Data section
[Start of section]
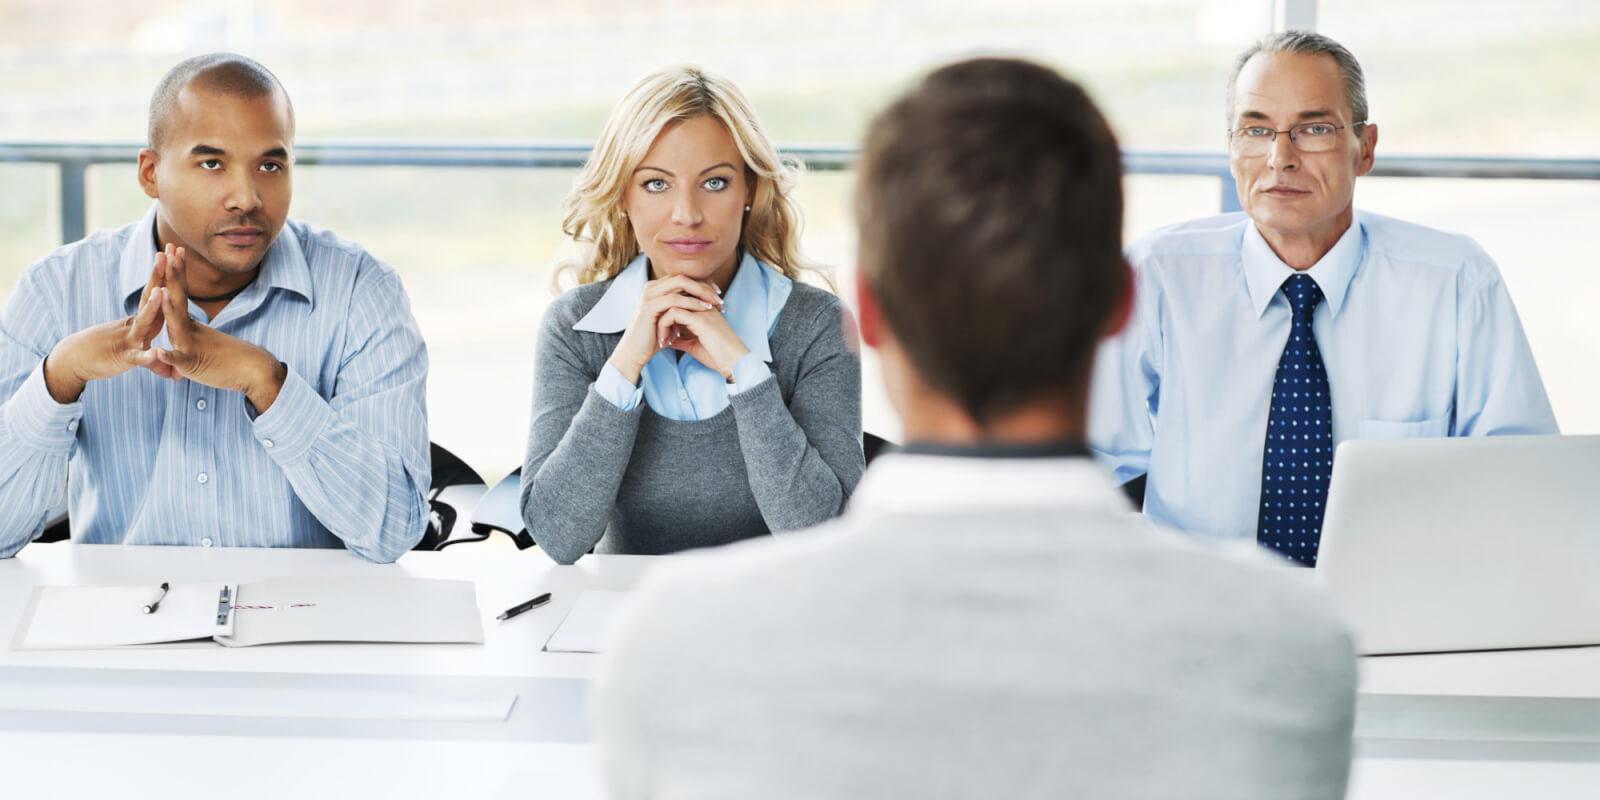 Как отказаться от работы после собеседования: алгоритм действий
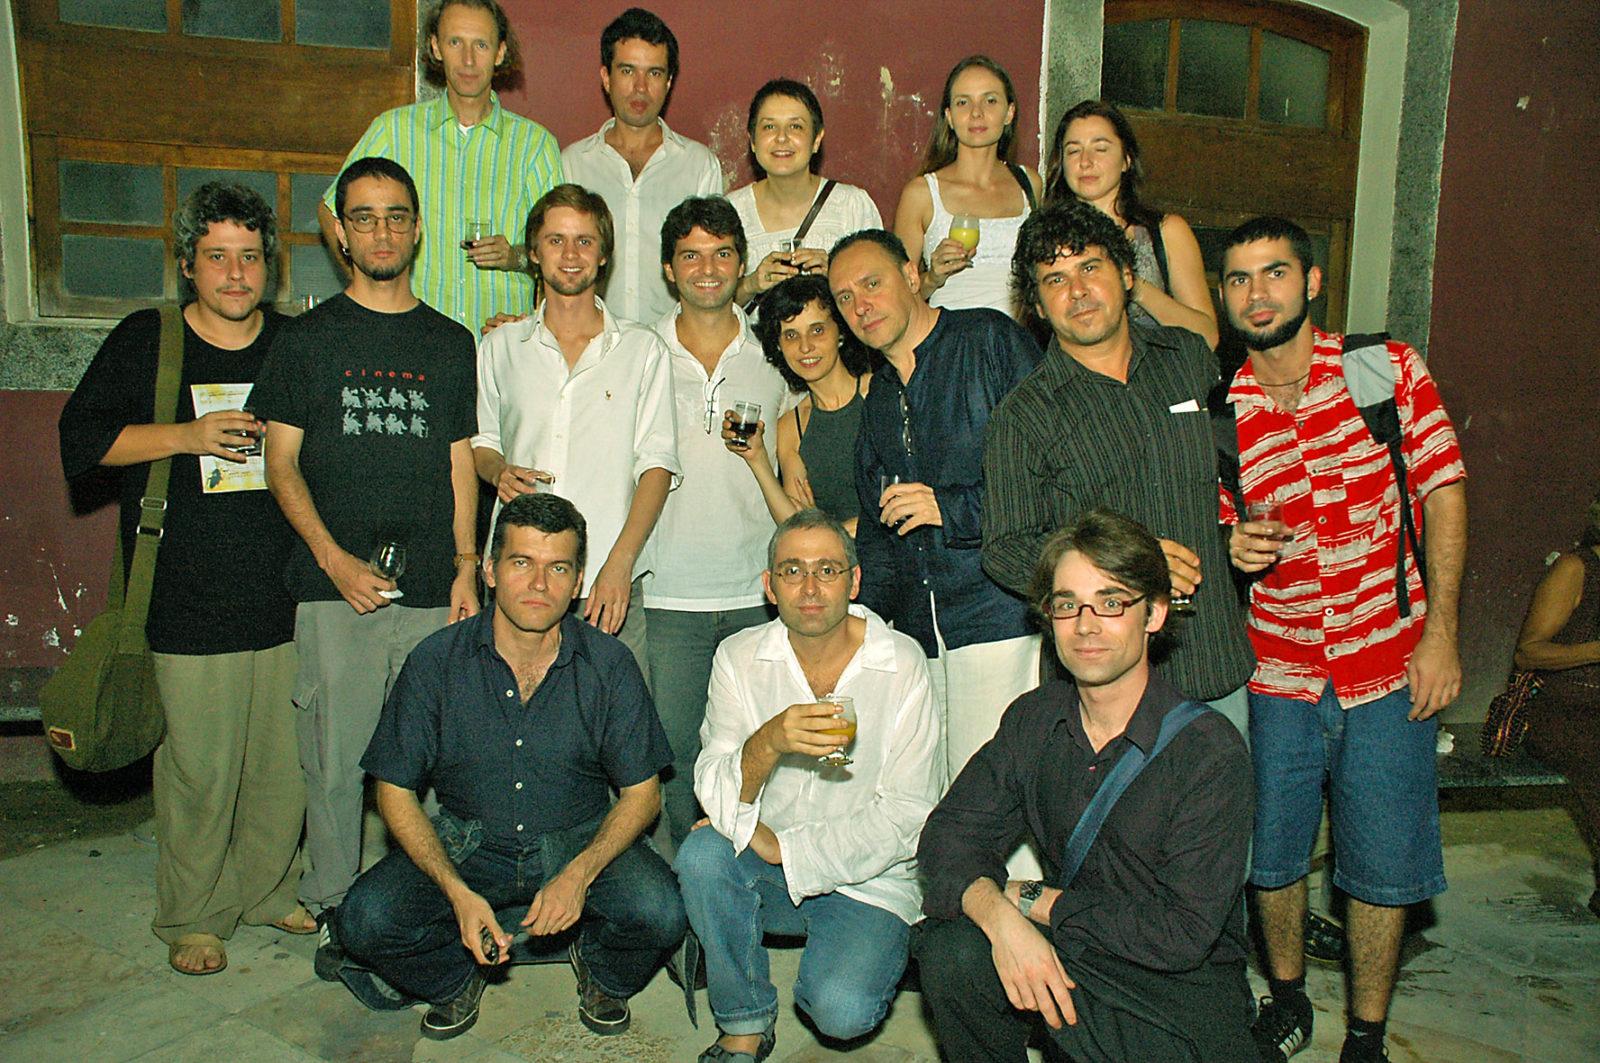 ABERTURA DO FESTIVAL DOS TRæS  CONTINENTES LOCAL:CINEMA APOLO FOTO:Lò STREITHORST DATA: 10.04.2006
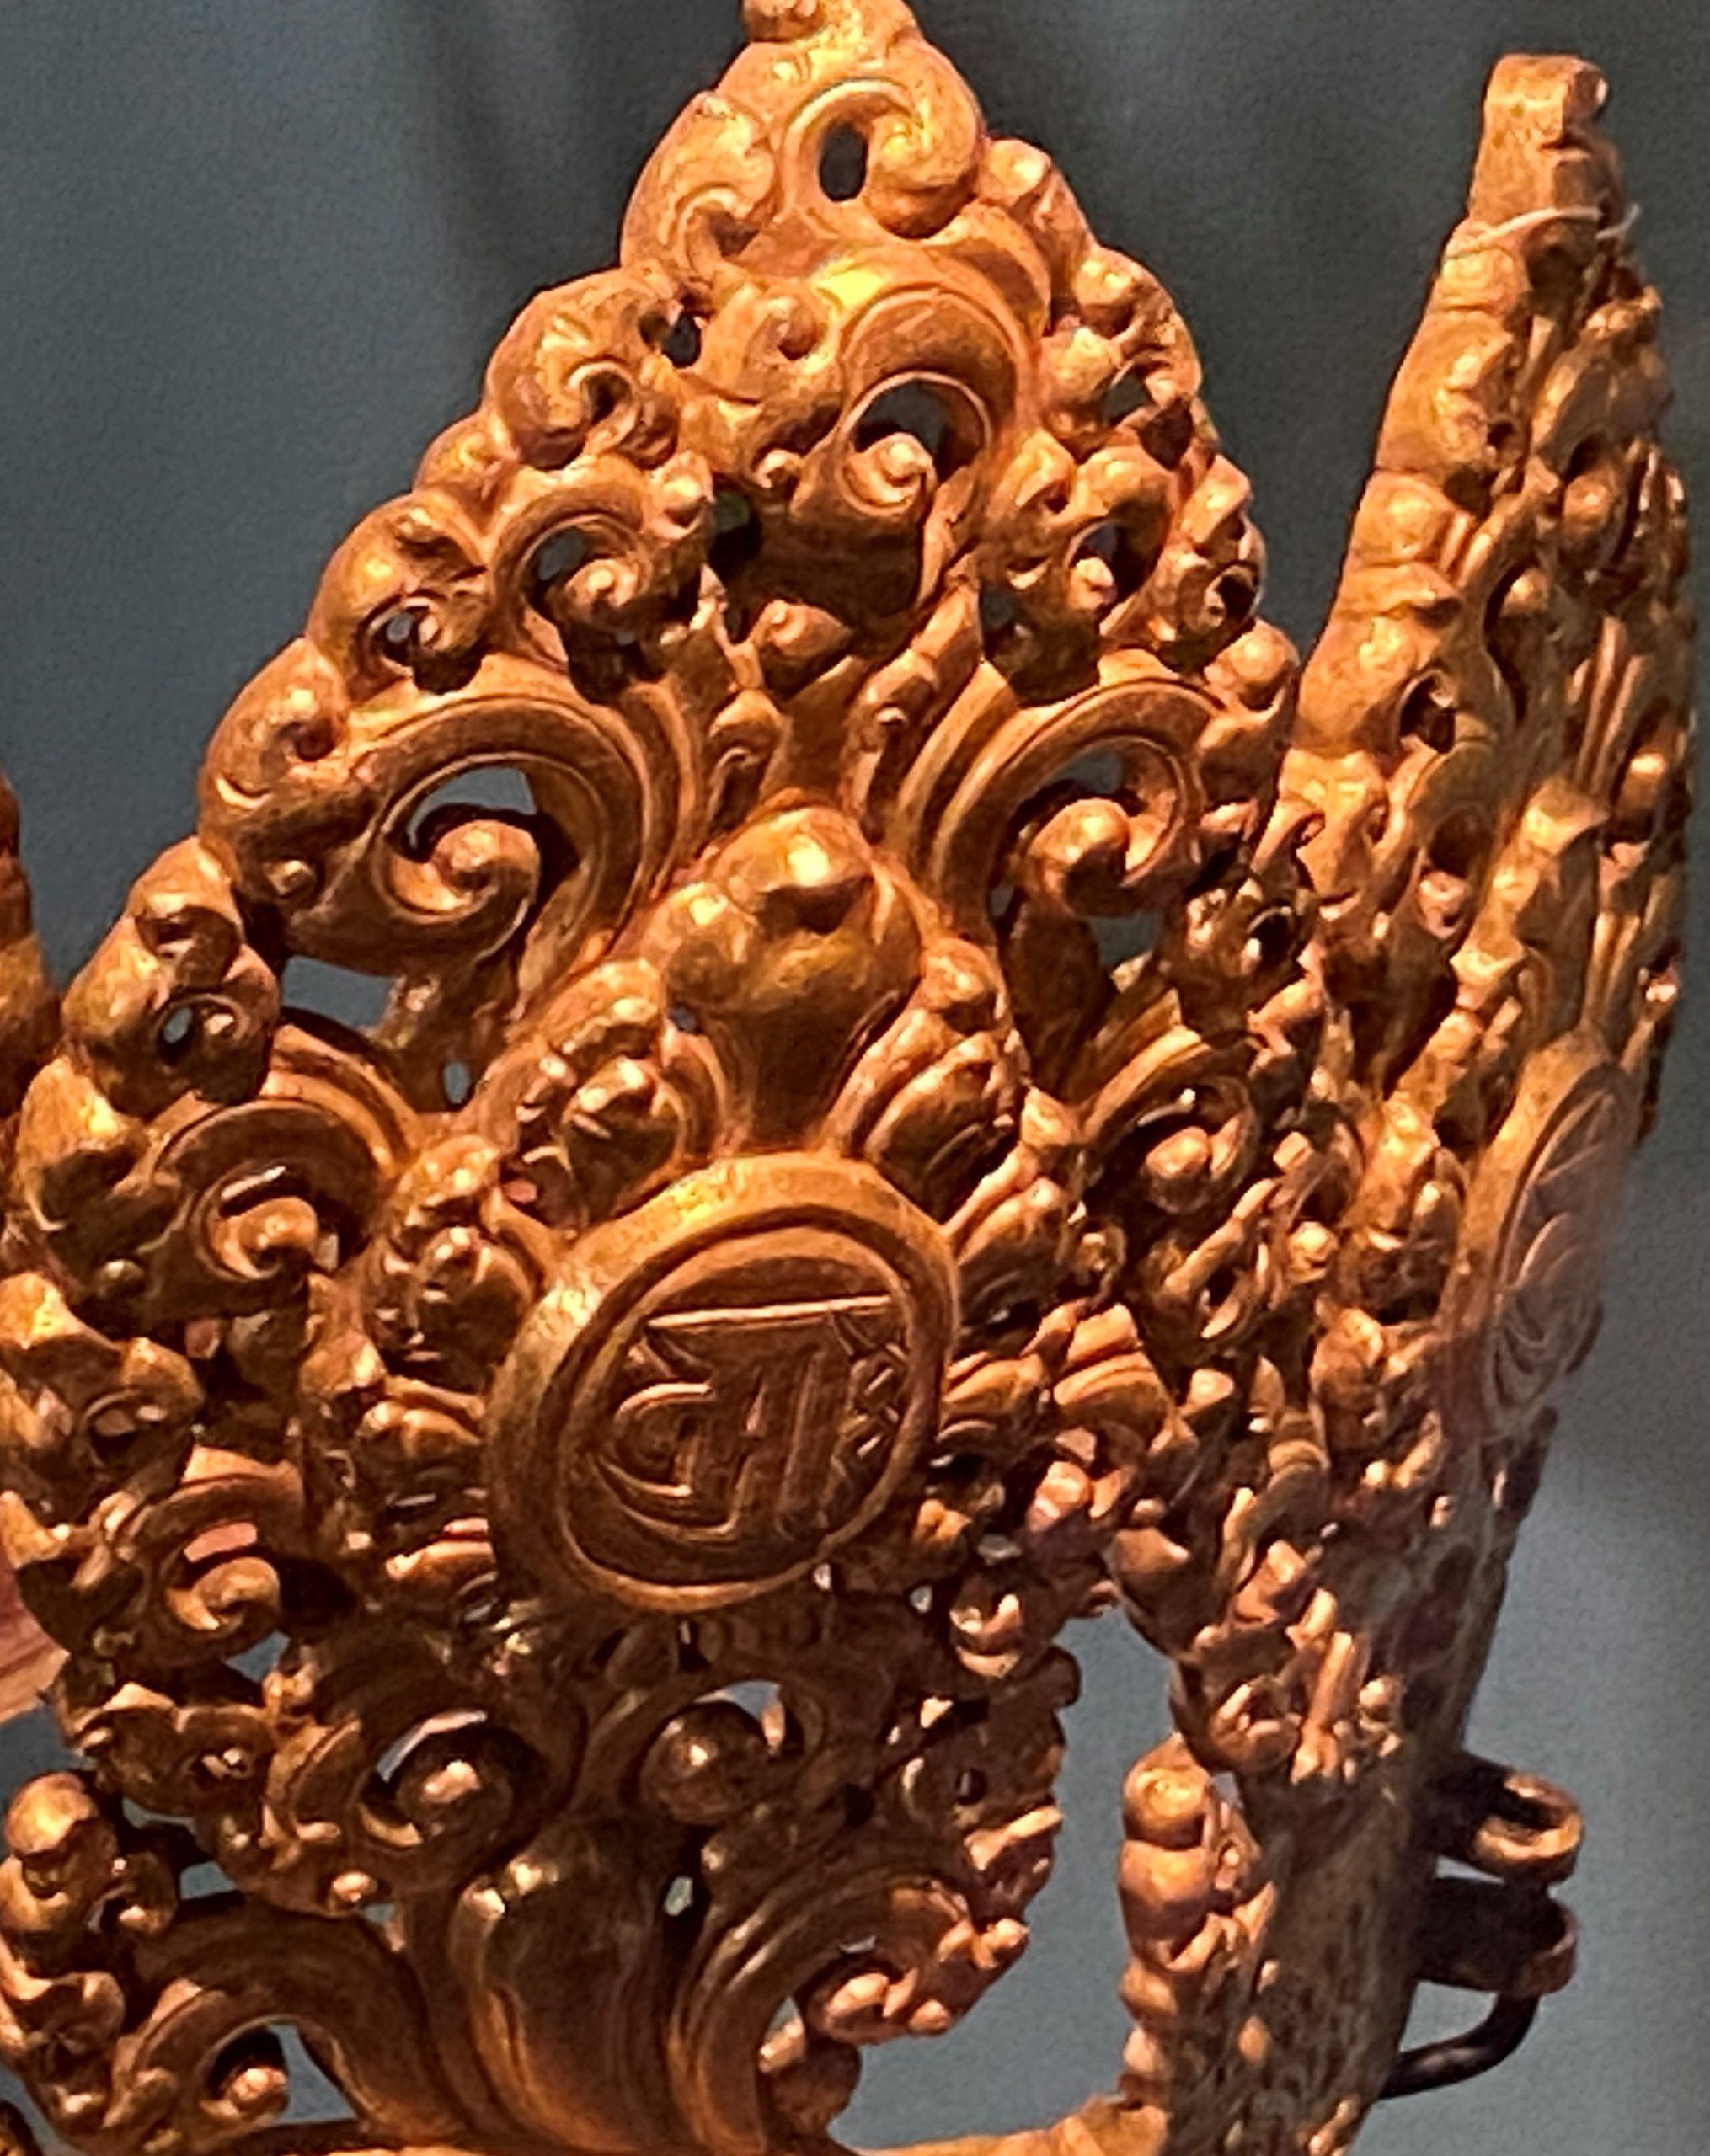 銅鎏金五葉冠-特別展【七宝玲瓏-ヒマラヤからの芸術珍品】-金沙遺跡博物館-成都
[End of section]
Task objective
Exactly as written above, print every line of the data but not its pictures.

Completed task
 Как отказаться от работы после собеседования: алгоритм действий
 ABERTURA DO FESTIVAL DOS TRæS  CONTINENTES LOCAL:CINEMA APOLO FOTO:Lò STREITHORST DATA: 10.04.2006
 銅鎏金五葉冠-特別展【七宝玲瓏-ヒマラヤからの芸術珍品】-金沙遺跡博物館-成都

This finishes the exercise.